A more subtle case involves declarations of parameters or transformed parameters based on parameters declared previously. For example, the following program will work as intended.
parameters {
real a;
real<lower = a> b; // enforces a < b
}
transformed parameters {
real c;
real<lower = c> d;
c = a;
d = b;
}
The parameters instance works because all parameters are defined
externally before the block is executed. The transformed parameters
case works even though c
isn’t defined at the point it is used,
because constraints on transformed parameters are only validated at
the end of the block. Data variables work like parameter variables,
whereas transformed data and generated quantity variables work like
transformed parameter variables.
Declaring optional variables
A variable may be declared with a size that depends on a boolean
constant.
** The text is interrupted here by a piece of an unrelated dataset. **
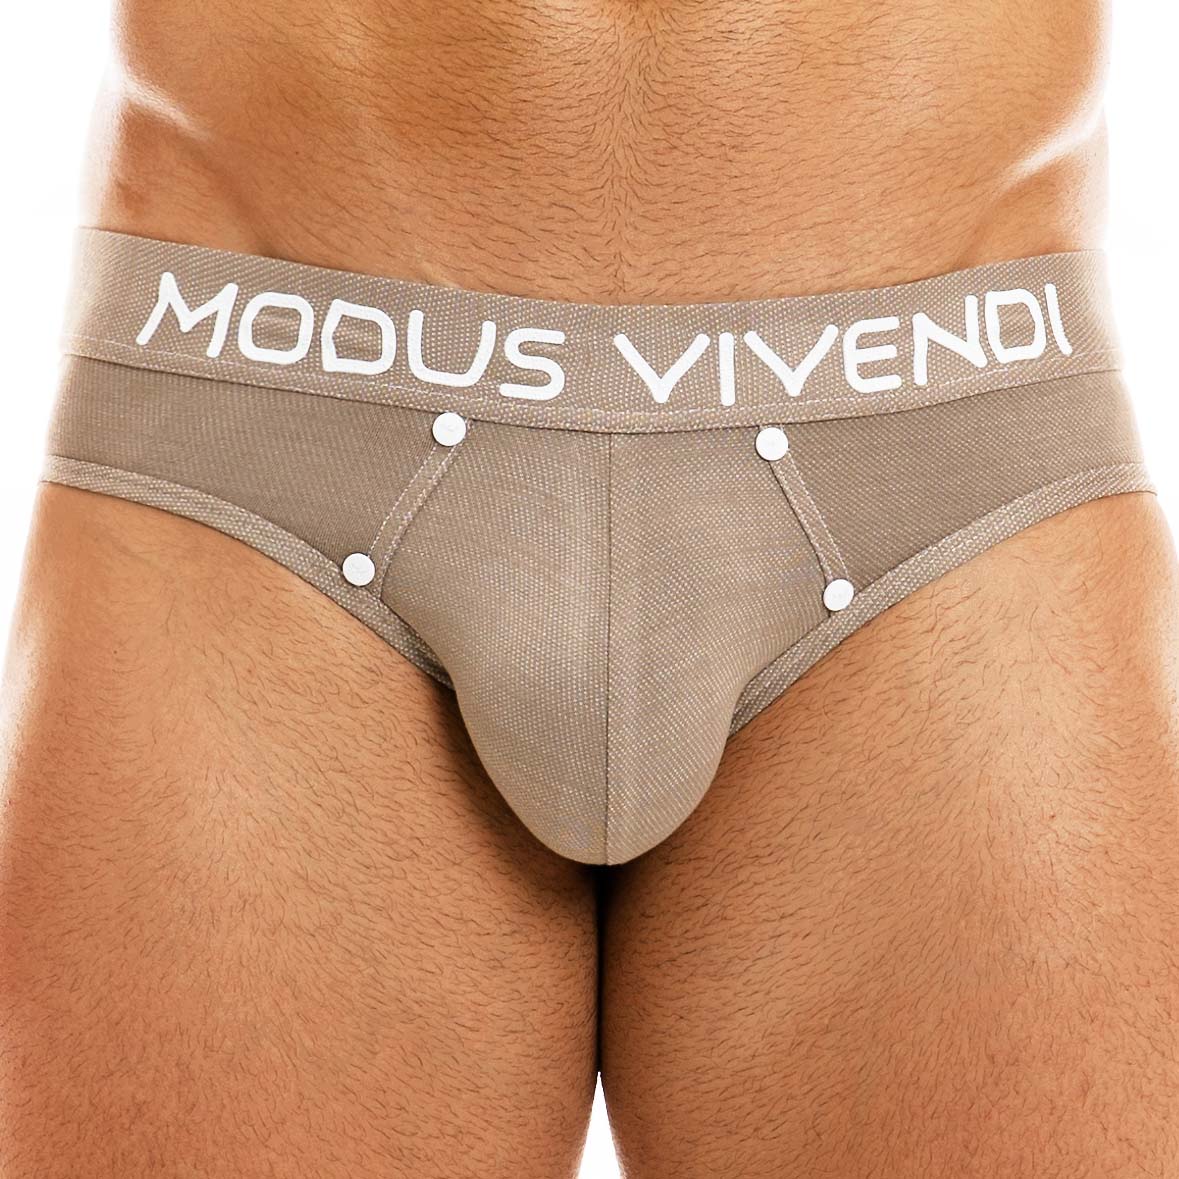 Brief Modus Vivendi Jeans 05013

For example, consider the definition of alpha
in the
following program fragment.
data {
int<lower = 0, upper = 1> include_alpha;
...
parameters {
vector[include_alpha ? N : 0] alpha;
If include_alpha
is true, the model will include the vector
alpha
; if the flag is false, the model will not include
alpha
(technically, it will include alpha
of size 0,
which means it won’t contain any values and won’t be included in any
output).
This technique is not just useful for containers. If the value of
N
is set to 1, then the vector alpha
will contain a
single element and thus alpha[1]
behaves like an optional
scalar, the existence of which is controlled by include_alpha
.
This coding pattern allows a single Stan program to define different models based on the data provided as input. This strategy is used extensively in the implementation of the RStanArm package.